New research shows that mutations in a gene may cause poor lung development in children, leaving them more vulnerable to diseases such as chronic obstructive pulmonary disease (COPD) later in life. Researchers at the University of Pittsburgh Graduate School of Public Health and the German Research Center for Environmental Health measured expression levels of a gene called superoxide dismutase 3 (SOD3) and its variants in both mouse lungs and in the lungs of children 9 to 11 years of age. SOD3 has previously shown to protect the lungs from the effects of asbestos and oxidative stress.
"People lose lung function as they age, so it’s important to identify possible genetic targets that control healthy development of the lungs during childhood," says study author George Leikauf, PhD, professor of occupational and environmental health at the University of Pittsburgh Graduate School of Public Health.
Leikauf and colleagues compared SOD3 expression levels in strains of mice with poor lung function to one with more efficient airways and lungs 2 times the size. The lungs of mice, like those of people, fully form as they mature to adulthood. The mice with better-functioning lungs maintained levels of SOD3 four times higher at the final stage of lung development. The researchers also found the presence of single nucleotide polymorphisms, or SNPs, variations in DNA sequences, in SOD3 that were linked to lung function in mice.

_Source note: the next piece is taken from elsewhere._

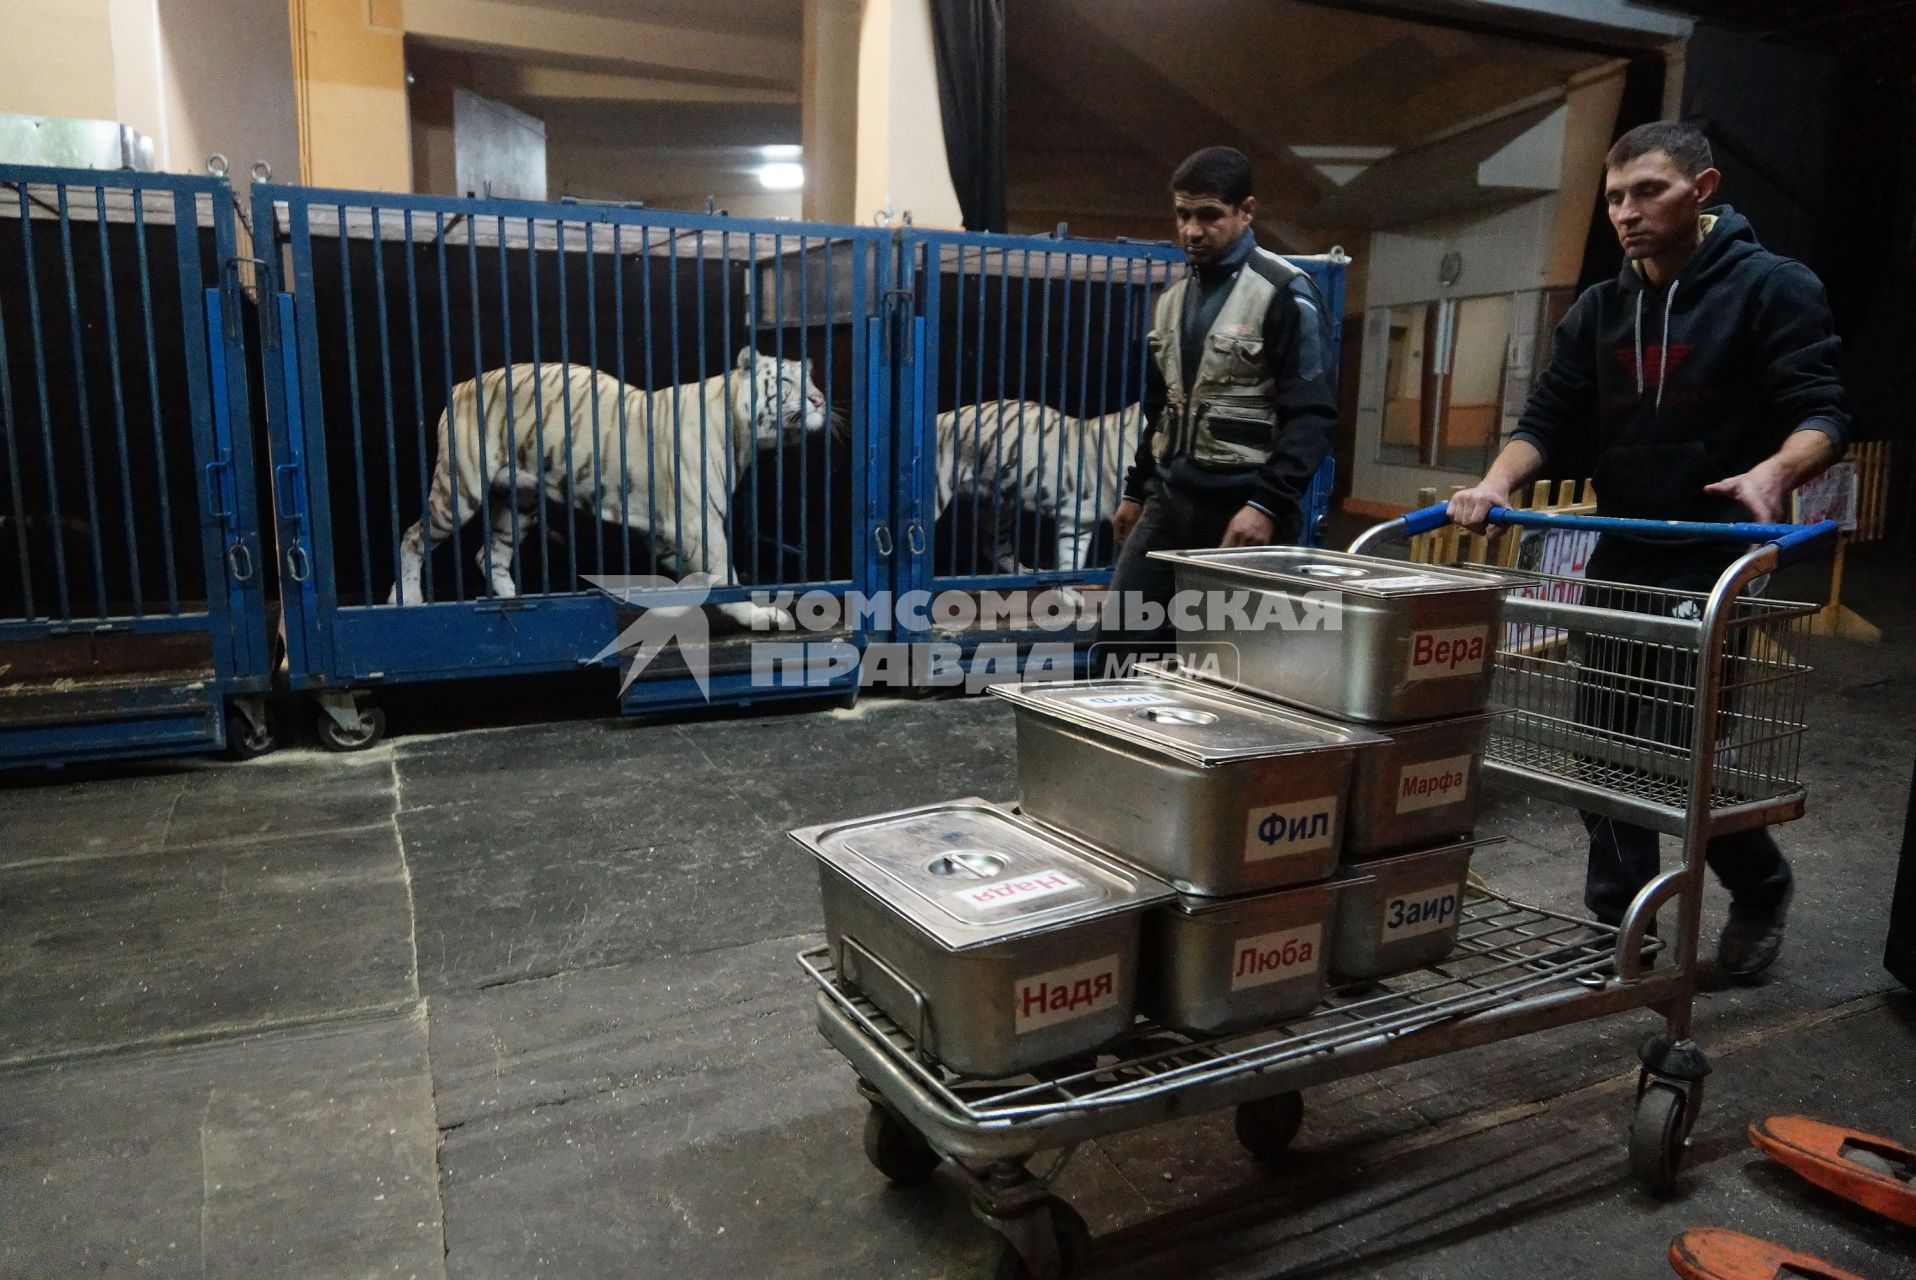 Рабочие везут тележку с контейнерами с едой для белых тигров Сергея Нестерова. Новоя цирковая программа в Екатеринбургском цирке. Сафари цирк.

The researchers then assessed SOD3 mutations in children ages 9 to 11 by testing for SNPs linked to lung function. By analying DNA from 1,555 children in Munich and Dresden who were part of the International Study of Asthma and Allergy in Children, the researchers discovered two common SNPs associated with poorer lung function. One of these SNPs likely alters the expression levels of SOD3.
The study can be viewed online in Physiological Genomics.